─── DATA EXCERPT ───

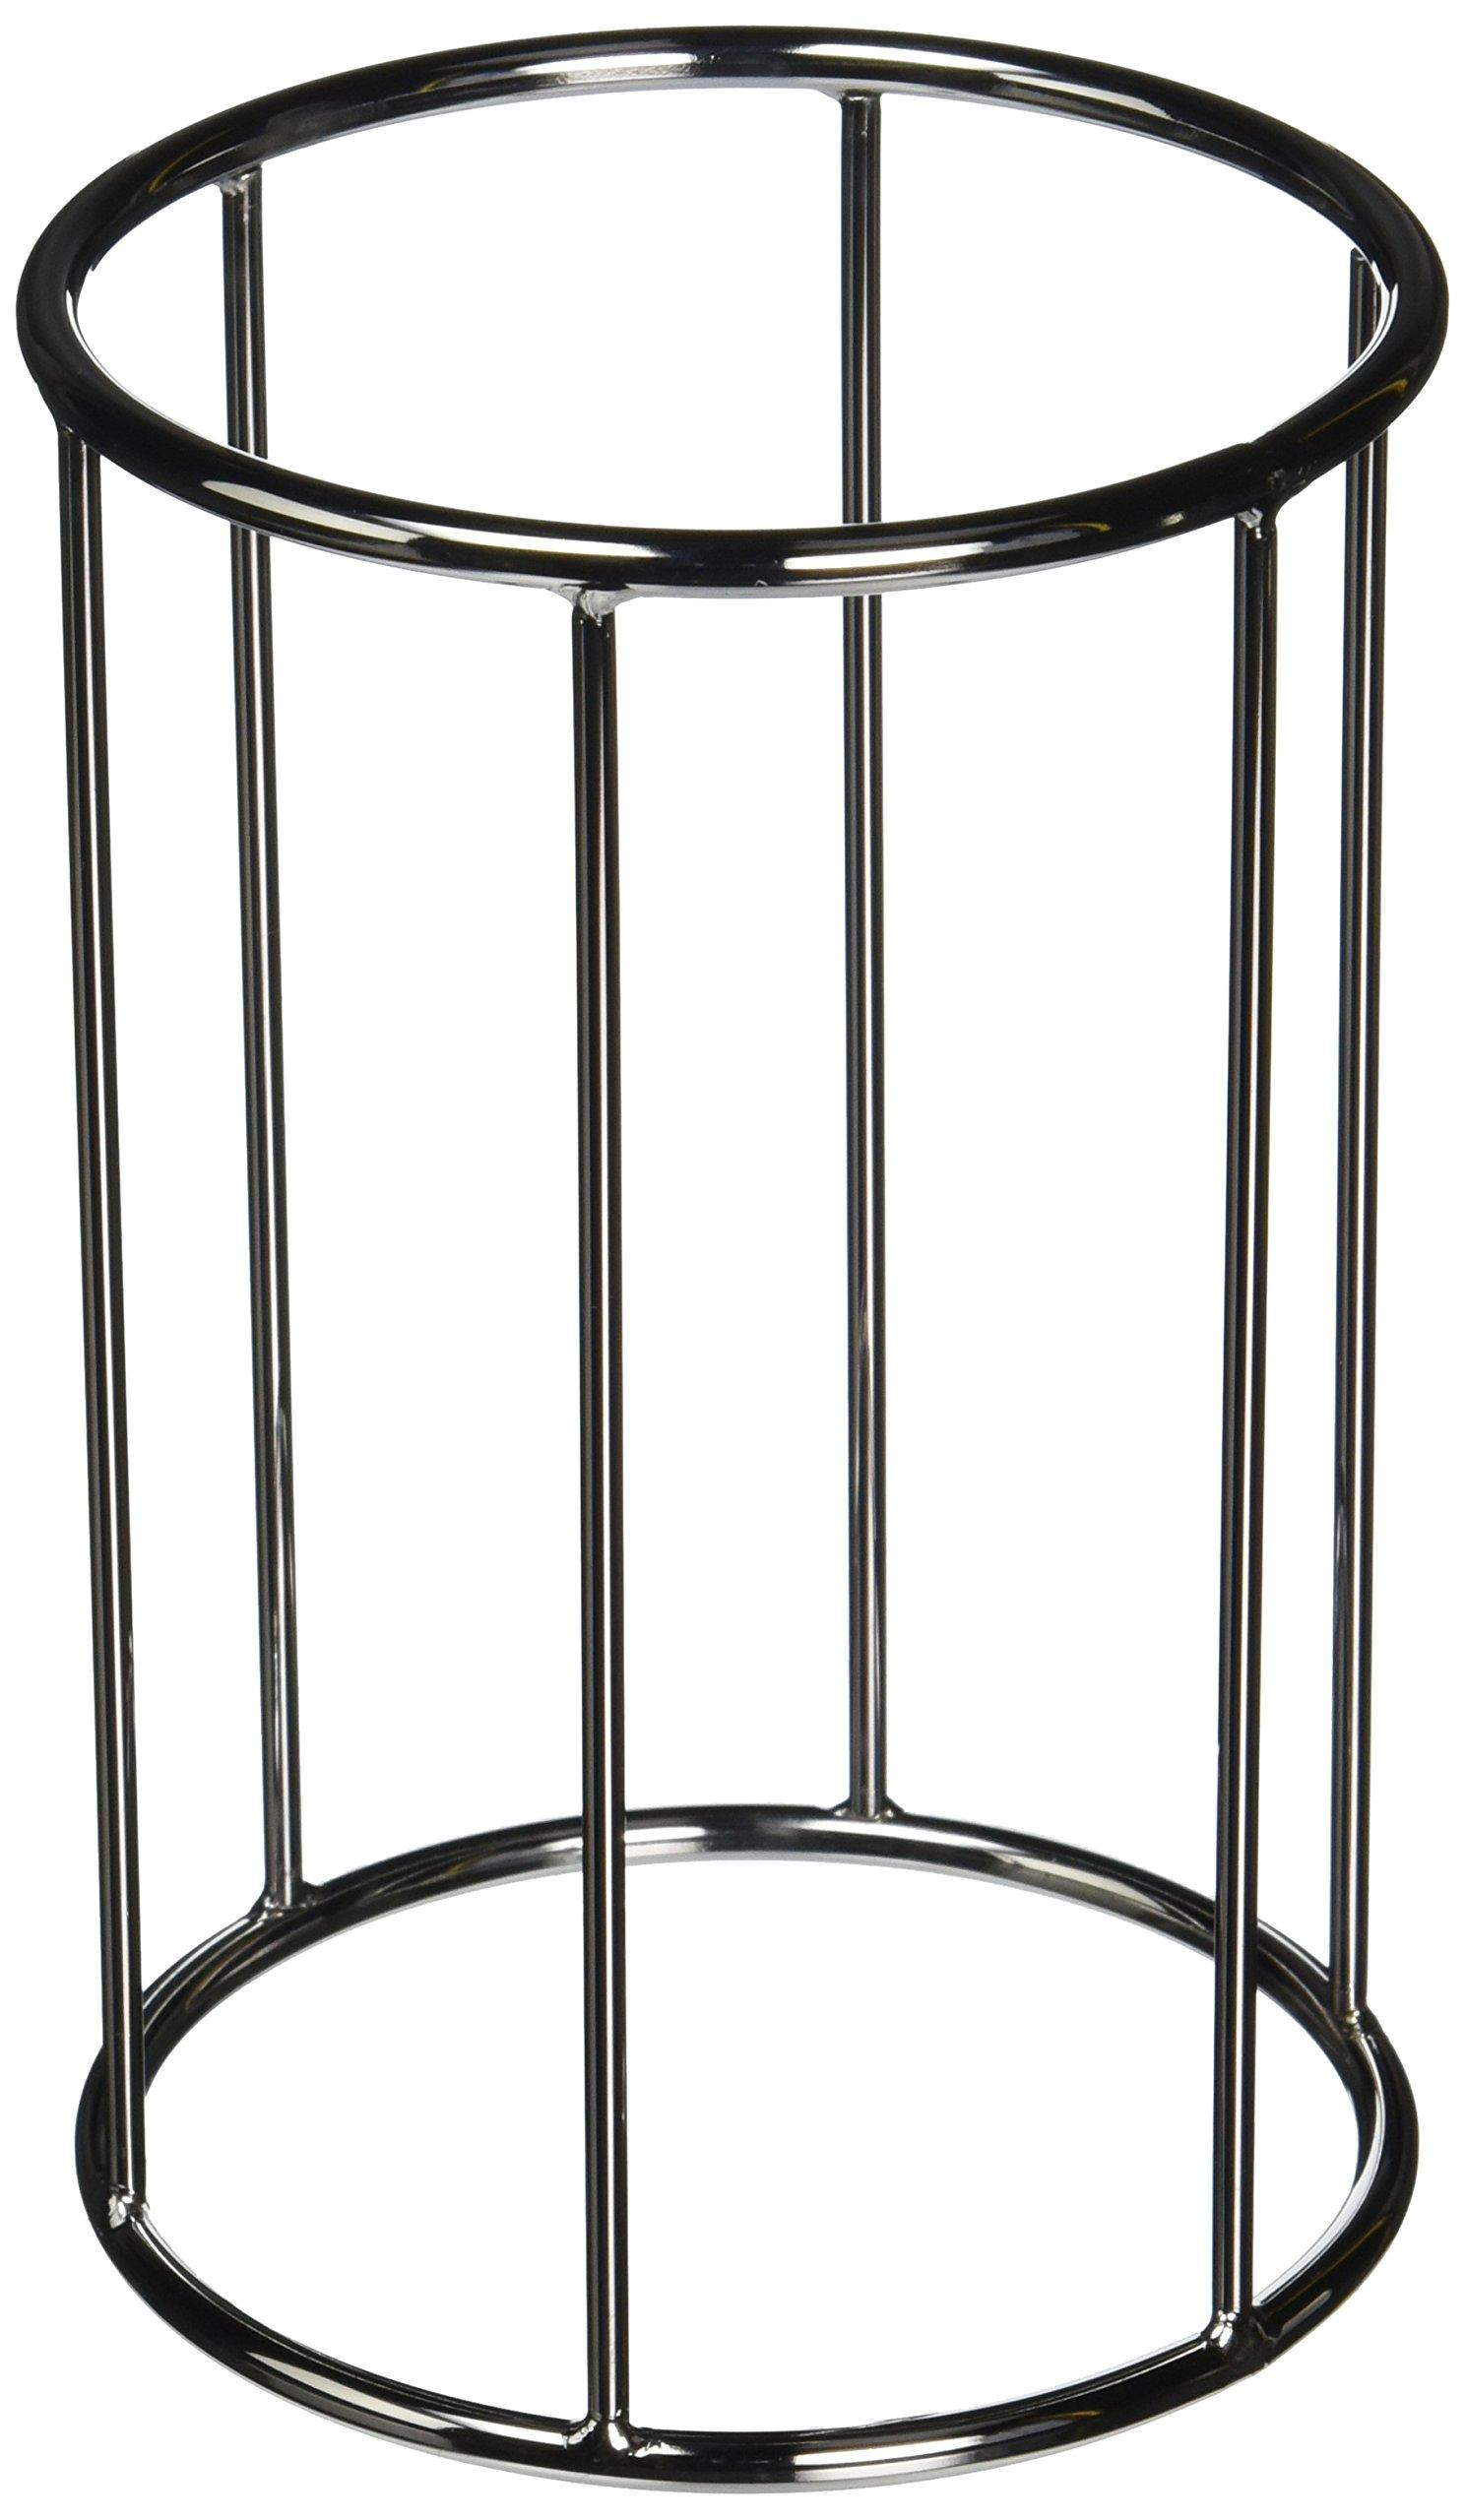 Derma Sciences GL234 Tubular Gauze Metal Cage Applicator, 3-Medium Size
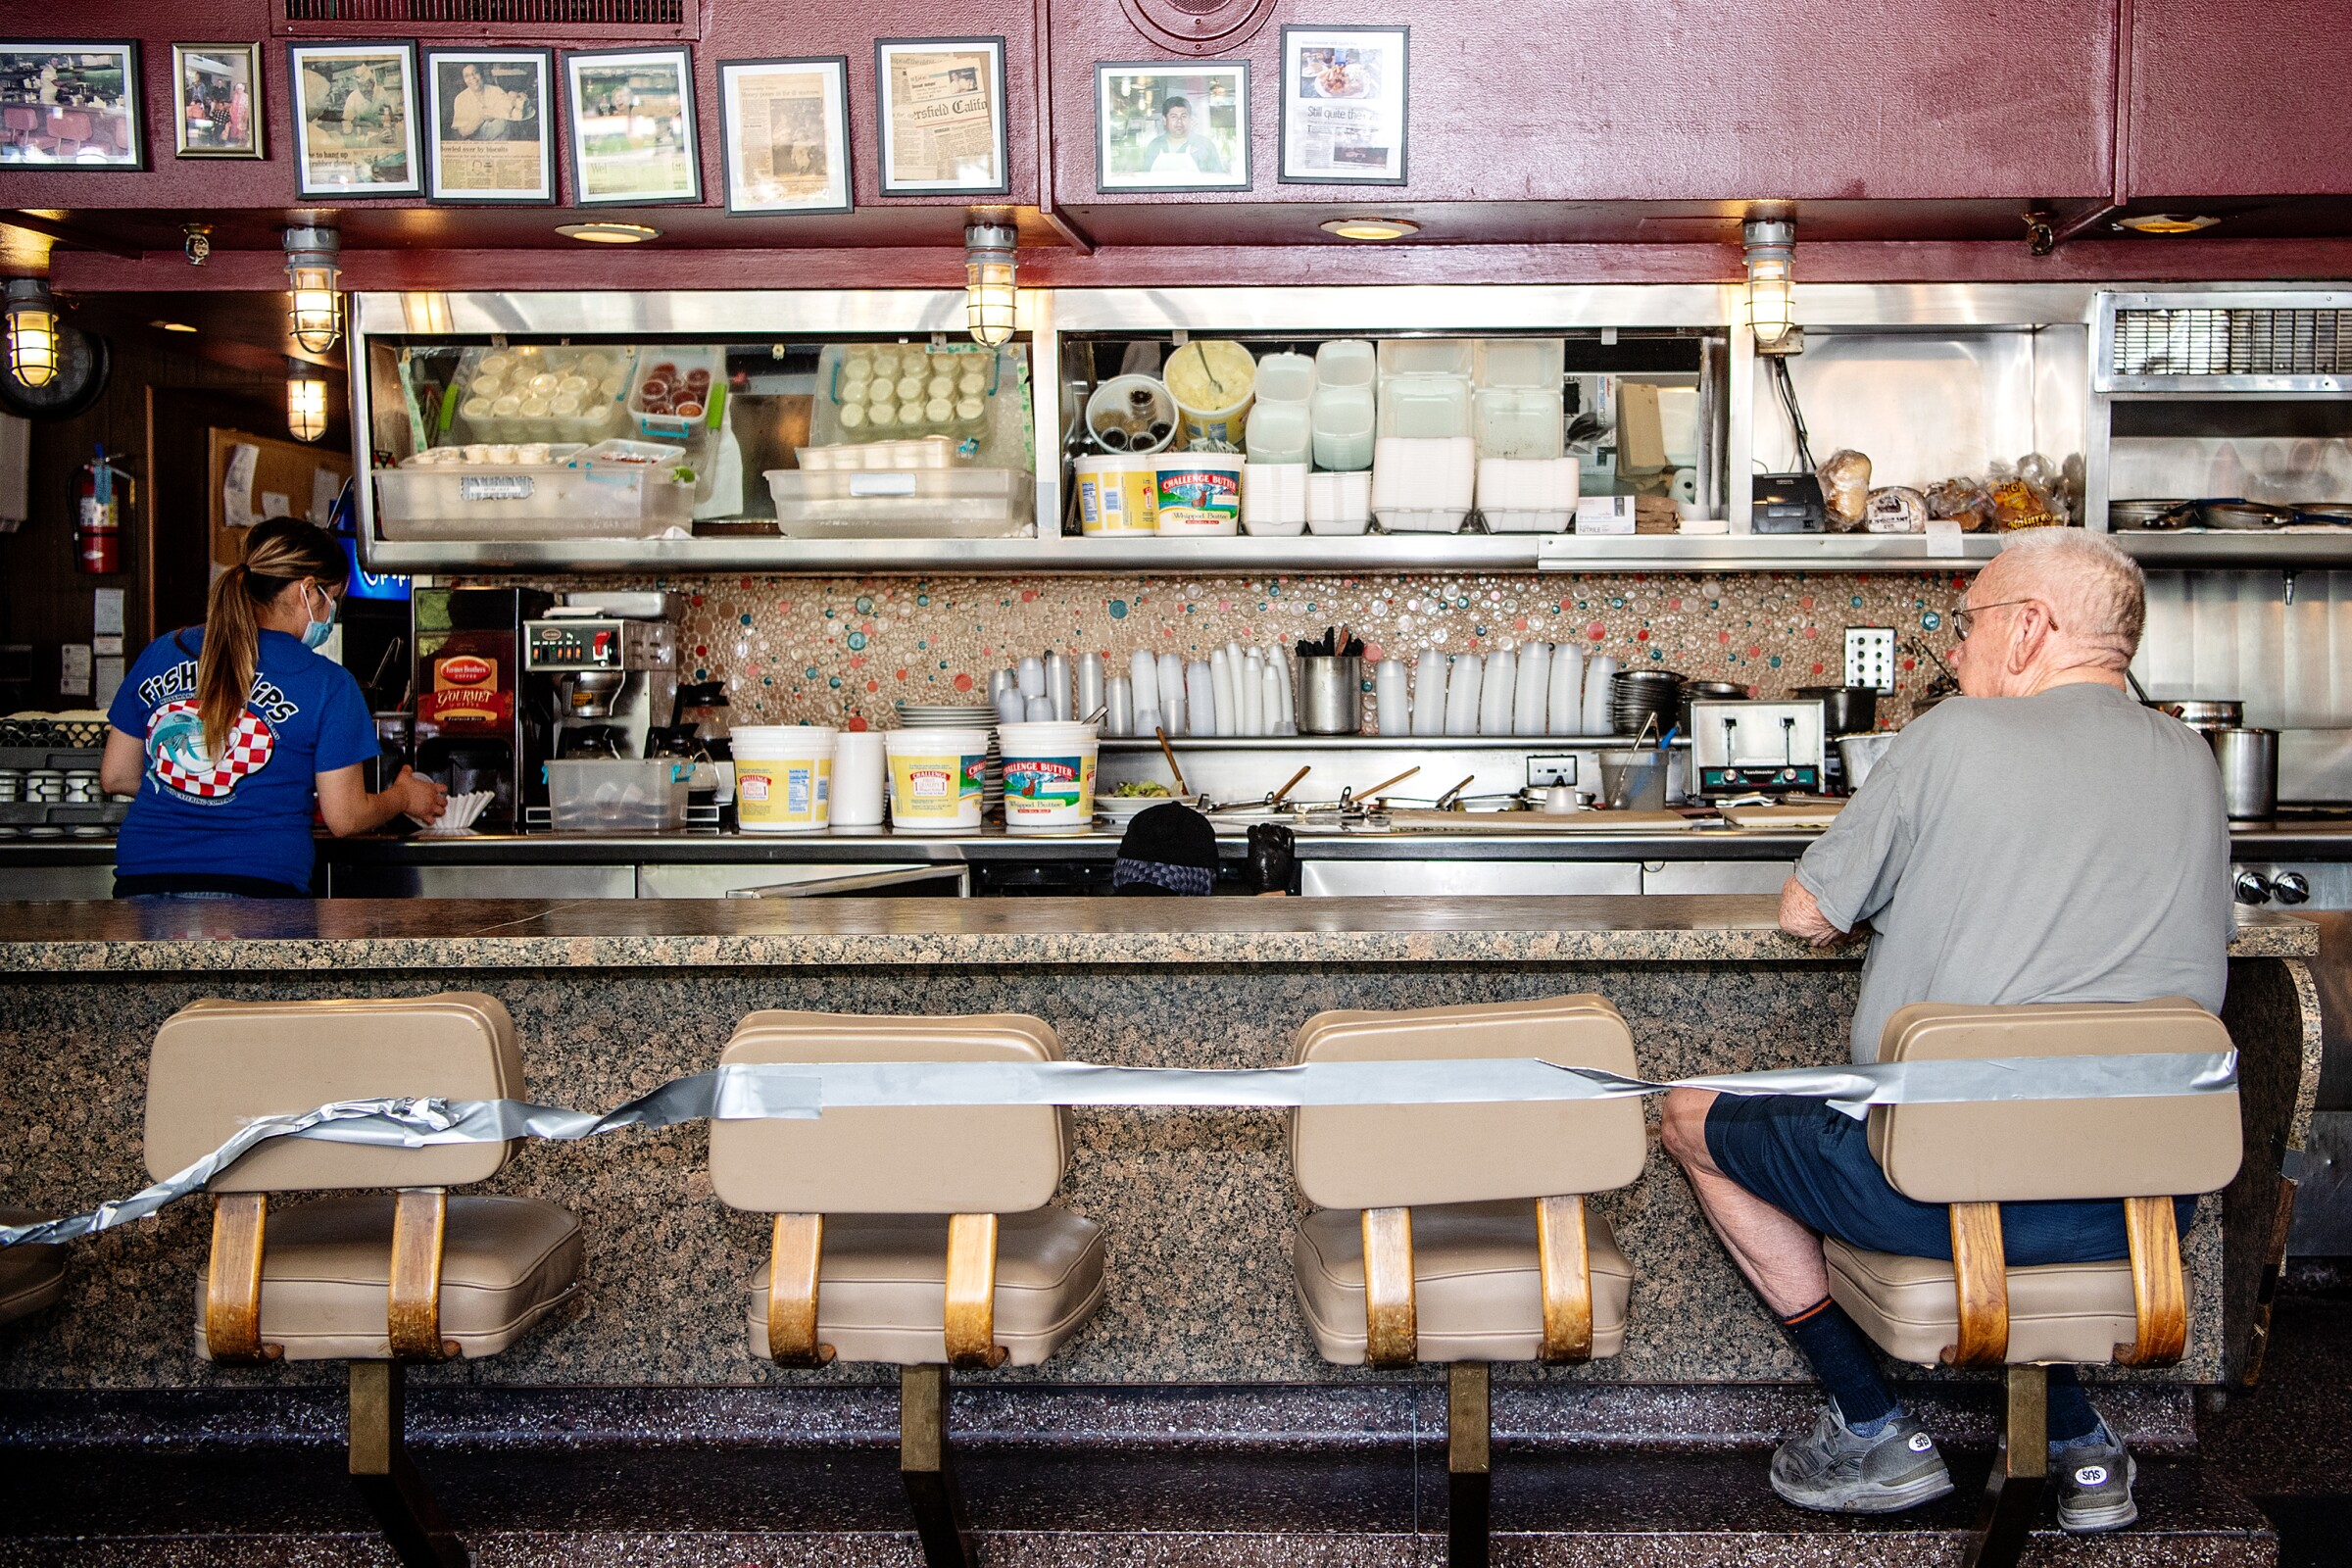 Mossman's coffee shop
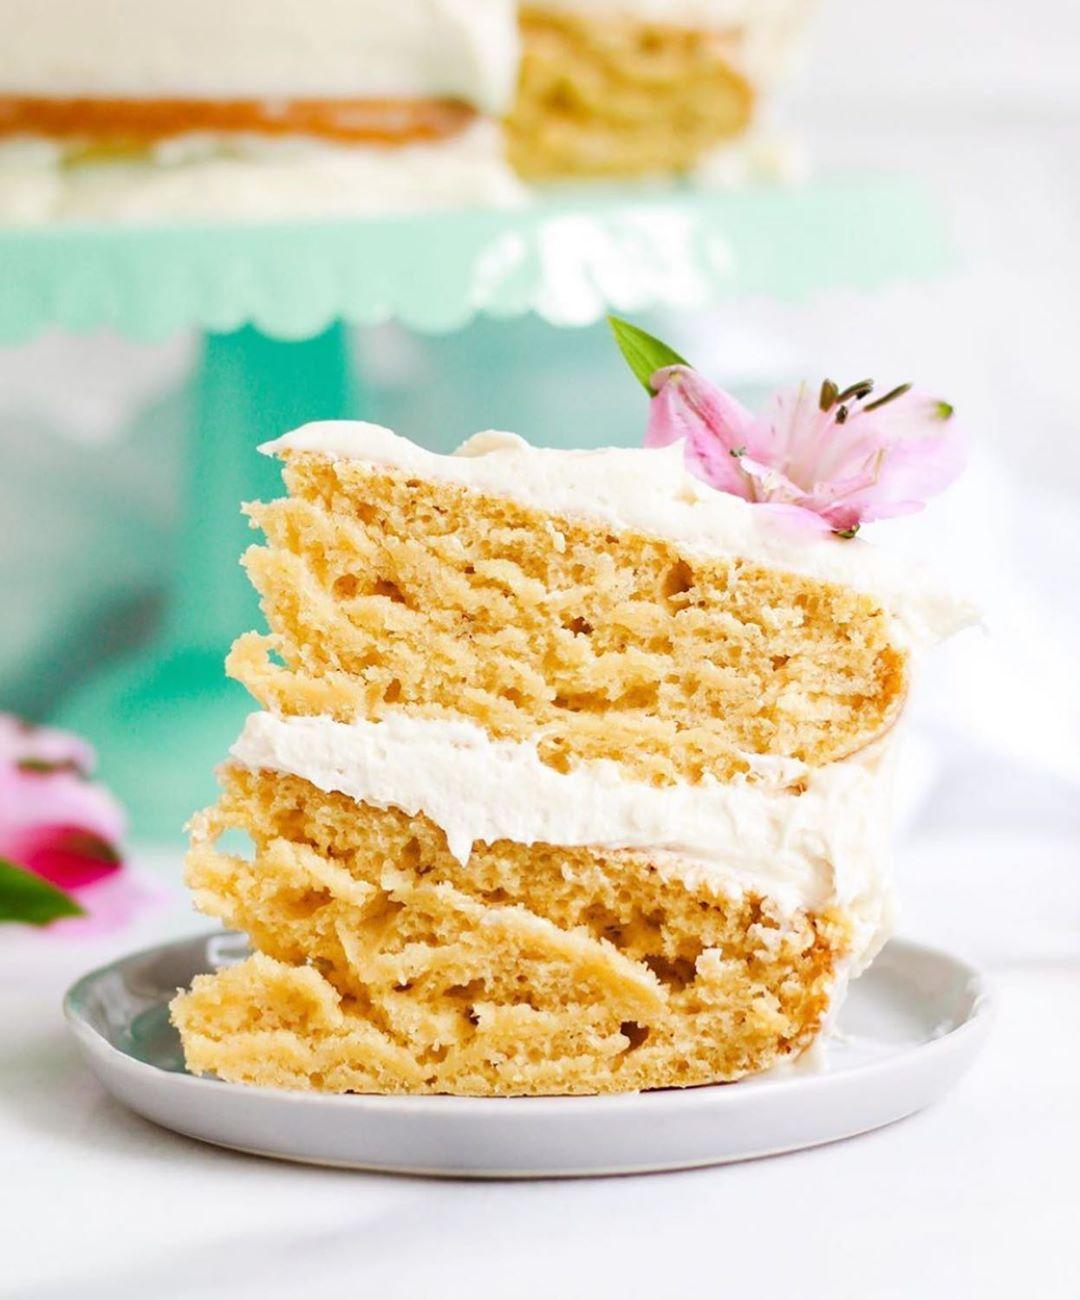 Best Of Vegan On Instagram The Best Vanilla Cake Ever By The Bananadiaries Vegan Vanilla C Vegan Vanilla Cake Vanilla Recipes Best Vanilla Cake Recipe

───

EXERCISE — The lines wanted run from the one with "Mossman's coffee shop" through the final line of the data; repeat them word for word and skip every picture.

ANSWER TO THE PROBLEM —
 Mossman's coffee shop
 Best Of Vegan On Instagram The Best Vanilla Cake Ever By The Bananadiaries Vegan Vanilla C Vegan Vanilla Cake Vanilla Recipes Best Vanilla Cake Recipe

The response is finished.